▶ Requirement:
From the listing that follows, reproduce only the lines from the one holding "玩具 熊 布娃娃 生活百科" through the one holding "Металлическая модель самолета.", both included, with no pictures.

▶ Provided entries:
+--
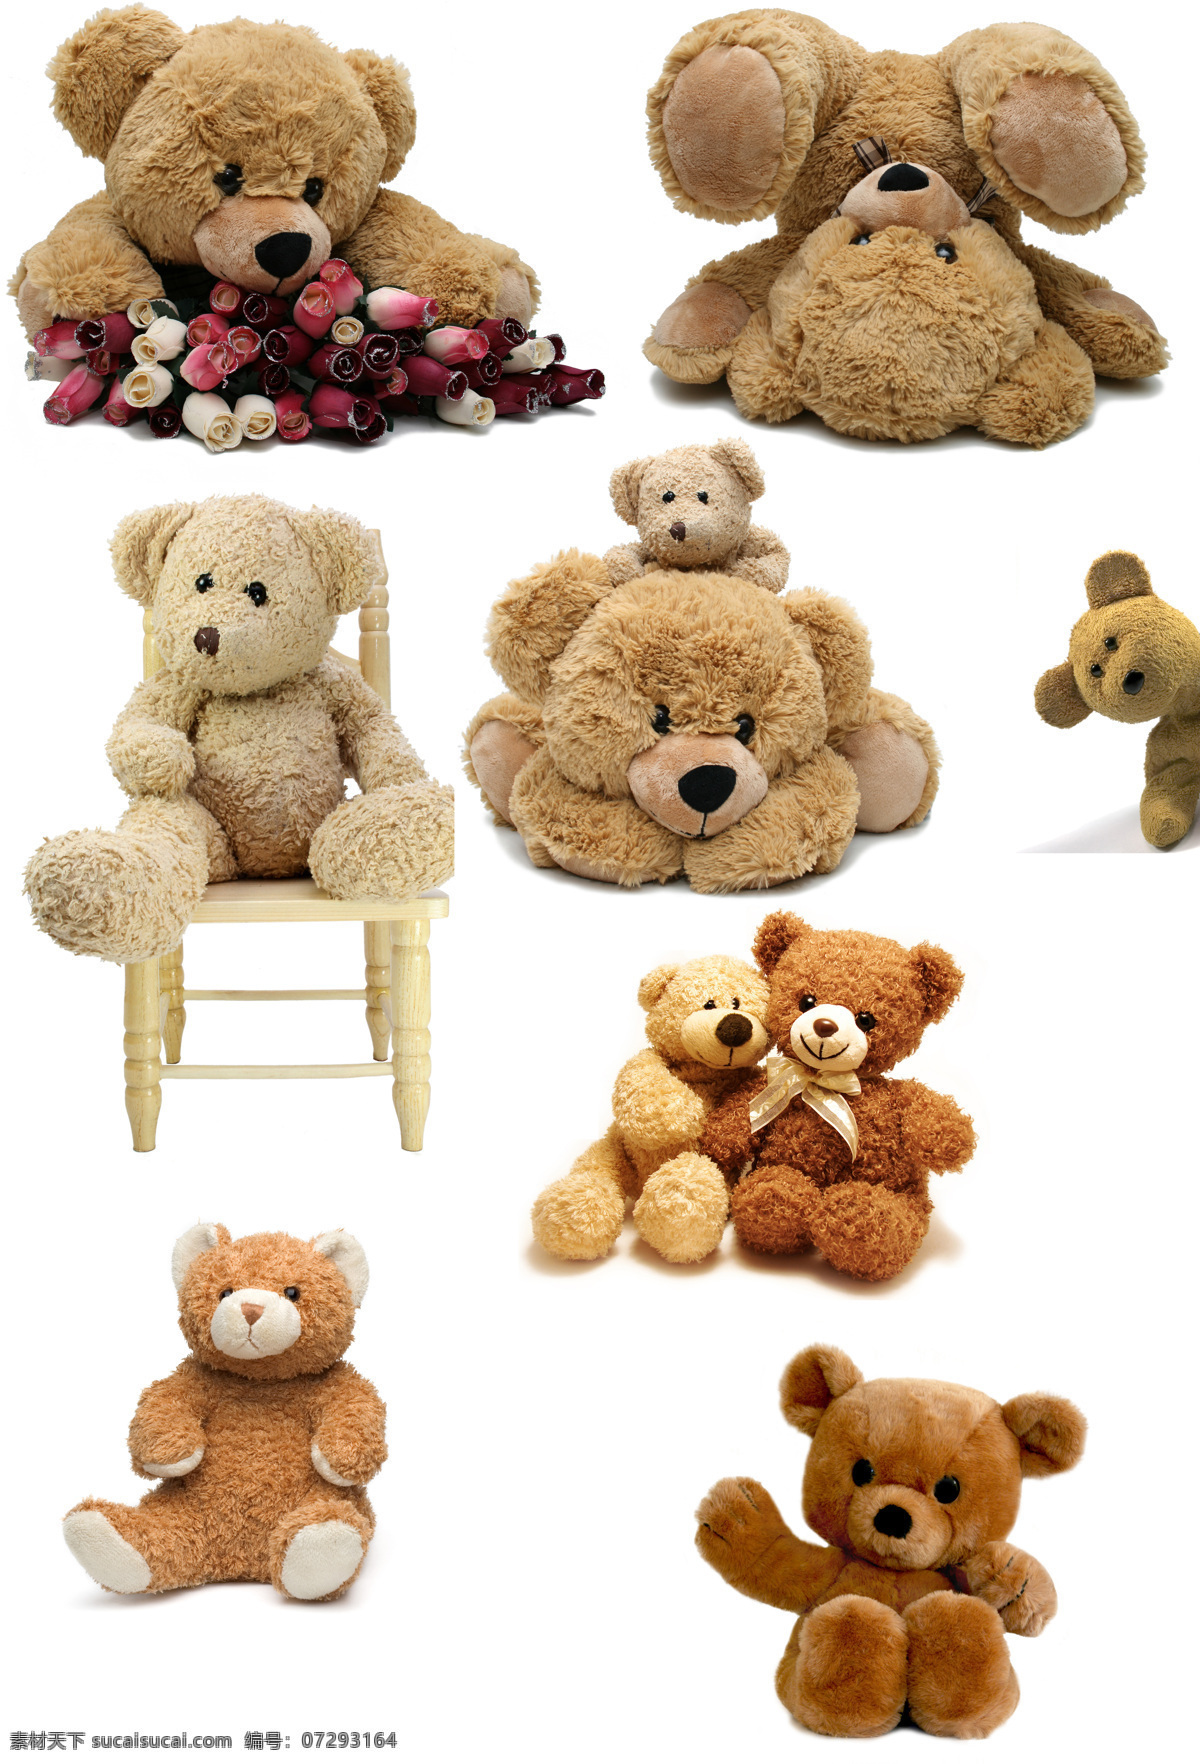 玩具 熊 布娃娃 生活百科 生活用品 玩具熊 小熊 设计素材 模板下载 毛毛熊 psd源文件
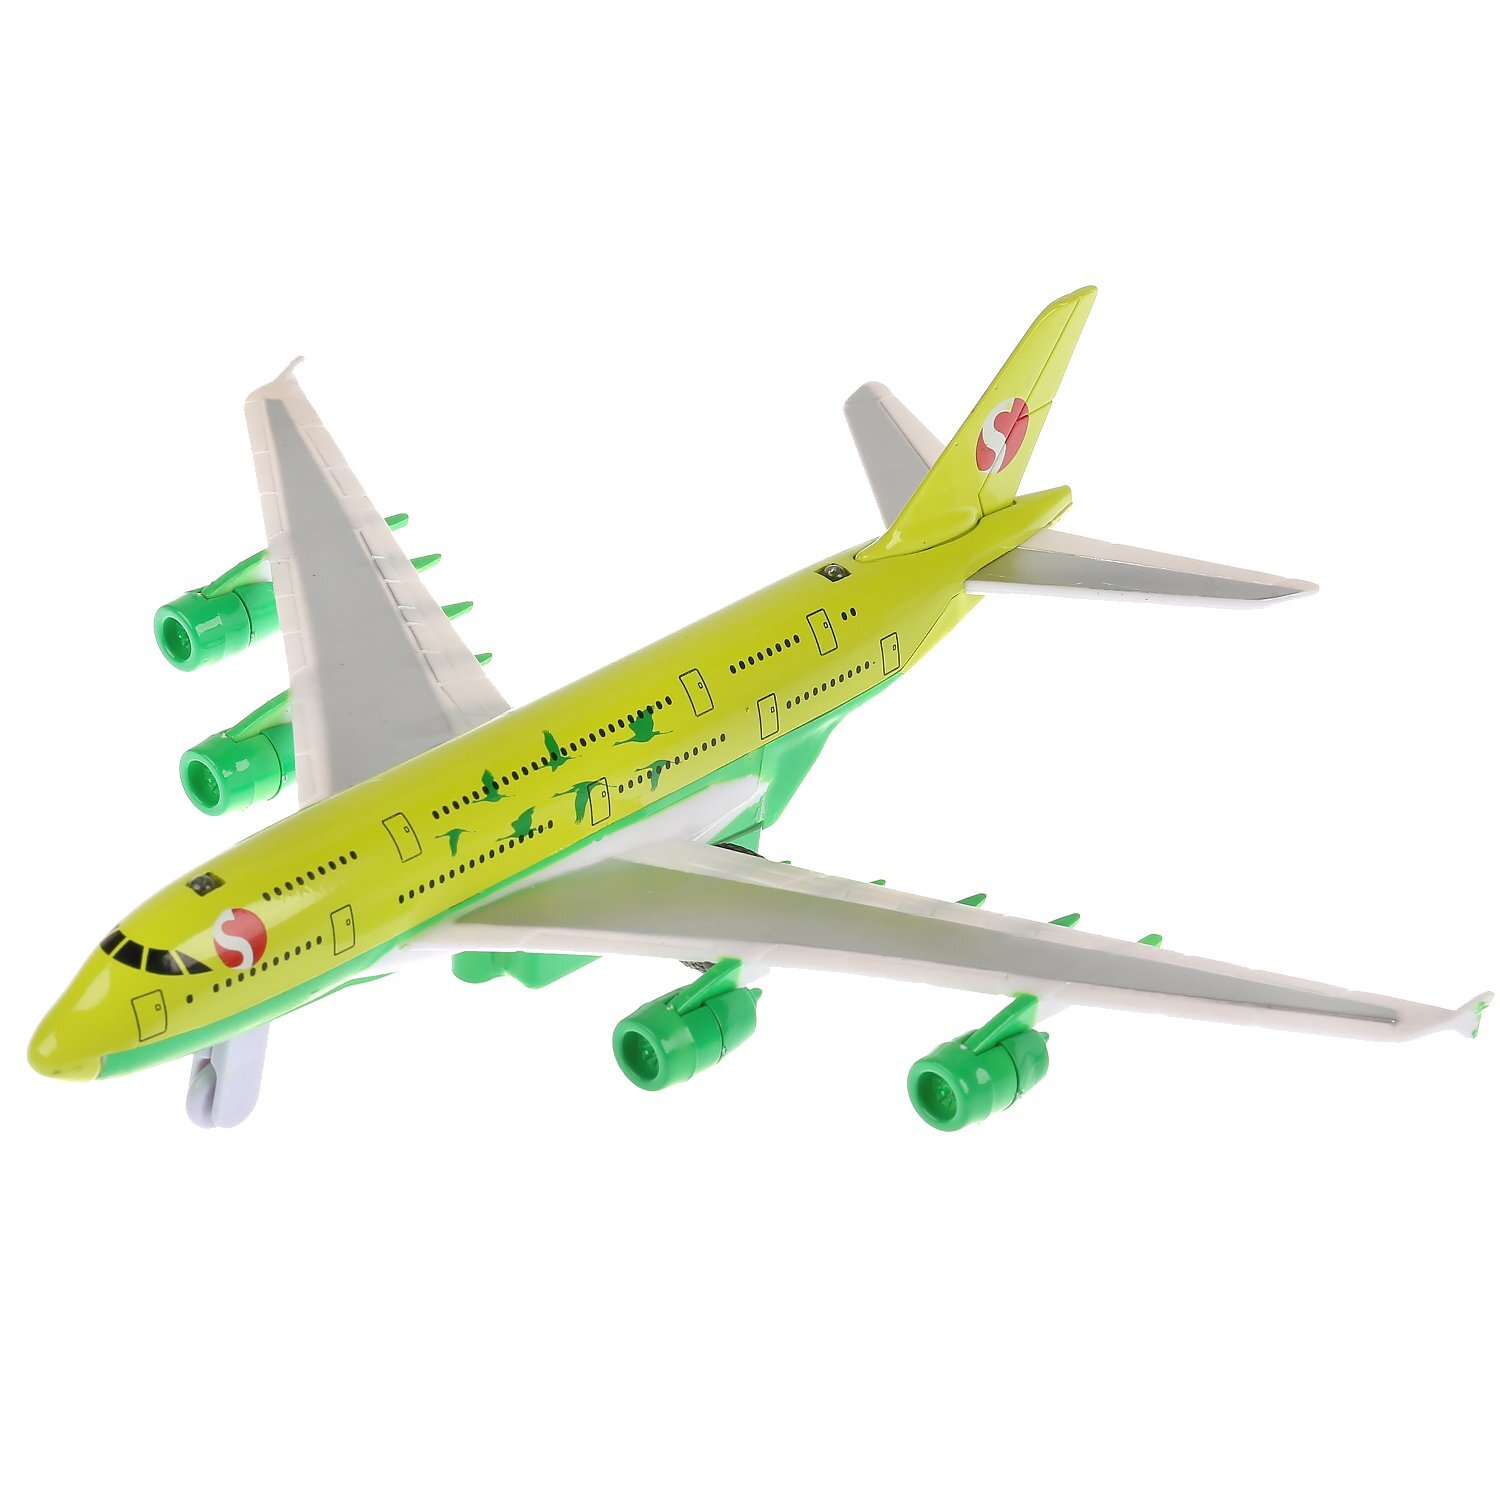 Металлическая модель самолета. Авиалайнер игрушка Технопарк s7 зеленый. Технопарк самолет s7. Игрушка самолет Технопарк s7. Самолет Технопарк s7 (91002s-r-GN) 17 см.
+--
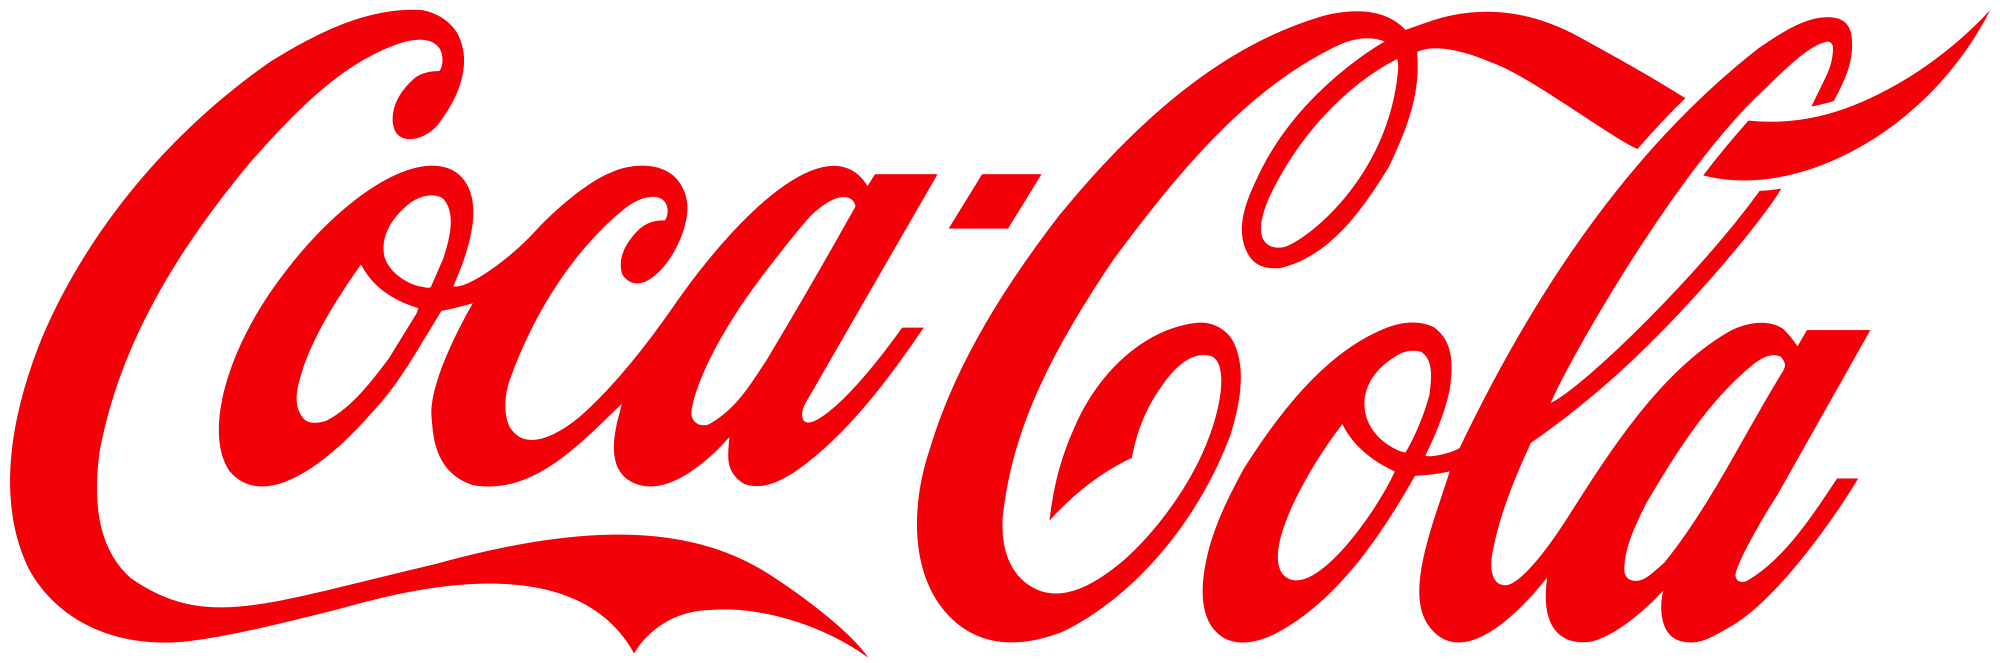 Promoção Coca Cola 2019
+--
▶ Result of the exercise:
 玩具 熊 布娃娃 生活百科 生活用品 玩具熊 小熊 设计素材 模板下载 毛毛熊 psd源文件
 Металлическая модель самолета. Авиалайнер игрушка Технопарк s7 зеленый. Технопарк самолет s7. Игрушка самолет Технопарк s7. Самолет Технопарк s7 (91002s-r-GN) 17 см.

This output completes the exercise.